On April 16, NASA's latest and greatest mission is set to launch to space. The new space telescope is named TESS (Transiting Exoplanet Survey Satellite) and it has a pretty awesome job. TESS is going on a hunt for alien planets. 

The new mission, which is more than 10 years in the making, could mark our first step toward discovering another planet outside of our solar system that harbors life.

Stephen Rinehart, TESS project scientist, said, TESS is opening a door for a whole new kind of study. We’re going to be able study individual planets and start talking about the differences between planets. The targets TESS finds are going to be fantastic subjects for research for decades to come. It’s the beginning of a new era of exoplanet research.

Unlike other exoplanet-hunting spacecraft, TESS is perfectly equipped to locate Earth sized planets circling stars in the habitable zone, the part of a star's orbit where liquid water could be sustained on a planet's surface. If a planet the size of Earth is in a star's habitable zone, it's at least theoretically possible that the planet could sustain life. TESS is designed to hunt for these worlds around bright, relatively nearby stars, according to NASA. The satellite will spend about two years surveying the sky for signs of planets ranging in size from about Jupiter to Earth. 

Elisa Quintana, a NASA astrophysicist, said in a video about the mission, it's going to help us answer a really important question, and that is is, 'Which of our nearest stellar neighbors has planets?

The satellite will find these worlds by searching for small dips in the brightness of a star that are created when a planet passes between or transits, its host star and the telescope. Those transits allow scientists to figure out the size of a planet, learn more about its atmosphere, and even characterize its orbit.

TESS will help build upon the legacy of the Kepler Space Telescope, another exoplanet hunting satellite using the same transit method that's still in space today.

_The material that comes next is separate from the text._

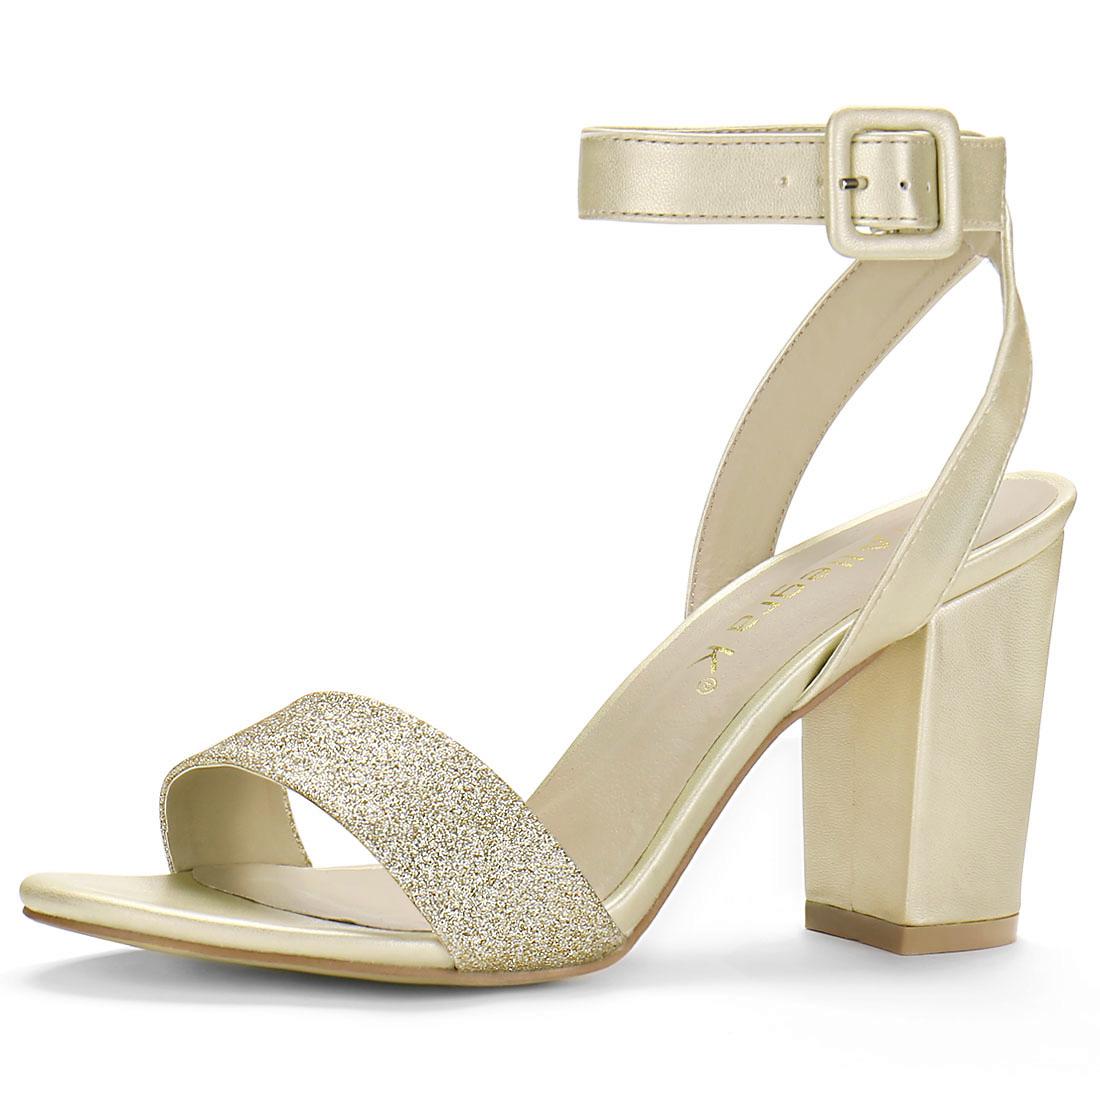 Women's Slingback Ankle Strap High Heels Sandals Gold-2 US 7.5
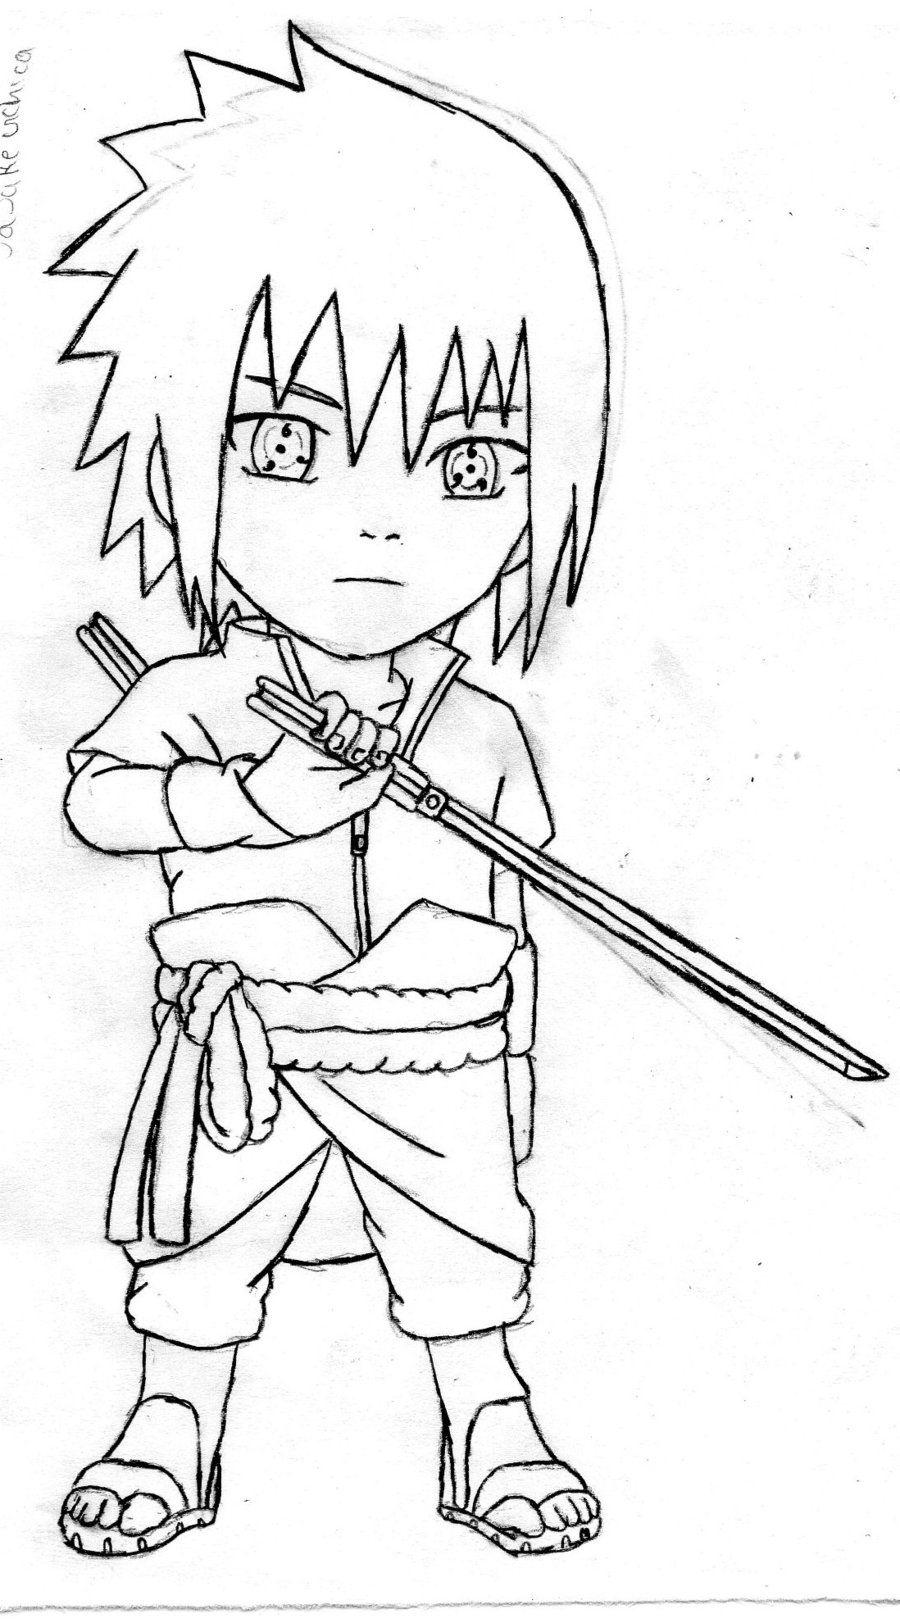 sasuke uchiha chibi by thesexychurro lineart chibi u0027s

The Kepler changed our understanding of the galaxy by spotting 2,600 confirmed exoplanets orbiting stars up to 3,000 light-years away.

Paul Hertz, Astrophysics Division director said, we learned from Kepler that there are more planets than stars in our sky and now TESS will open our eyes to the variety of planets around some of the closest stars.

While Kepler's main mission was to stare deeply into one part of the sky, keeping an eye out for worlds circling distant stars, TESS will survey a large part of the sky, with a particular focus on nearby, bright stars.

Data gathered by TESS will also be used to help with the James Webb Space Telescope's (JWST) mission, when it hopefully launches to space in 2020.The JWST, which is known as the Hubble Space Telescope's successor, will be able to peer into the atmospheres of exoplanets, figuring out if the worlds could be habitable.
 
MIT exoplanet hunter Sara Seager said via email, we plan to followup atmospheres with JWST and we have the capability to find water vapor and signs of life by way of gases that don’t belong that might be attributed to life.

TESS is a particularly exciting moment for exoplanet scientists today, but hopefully the public will want to get involved as well. 

Seager said, planet finding never gets old. I hope the public will joyfully share in discoveries.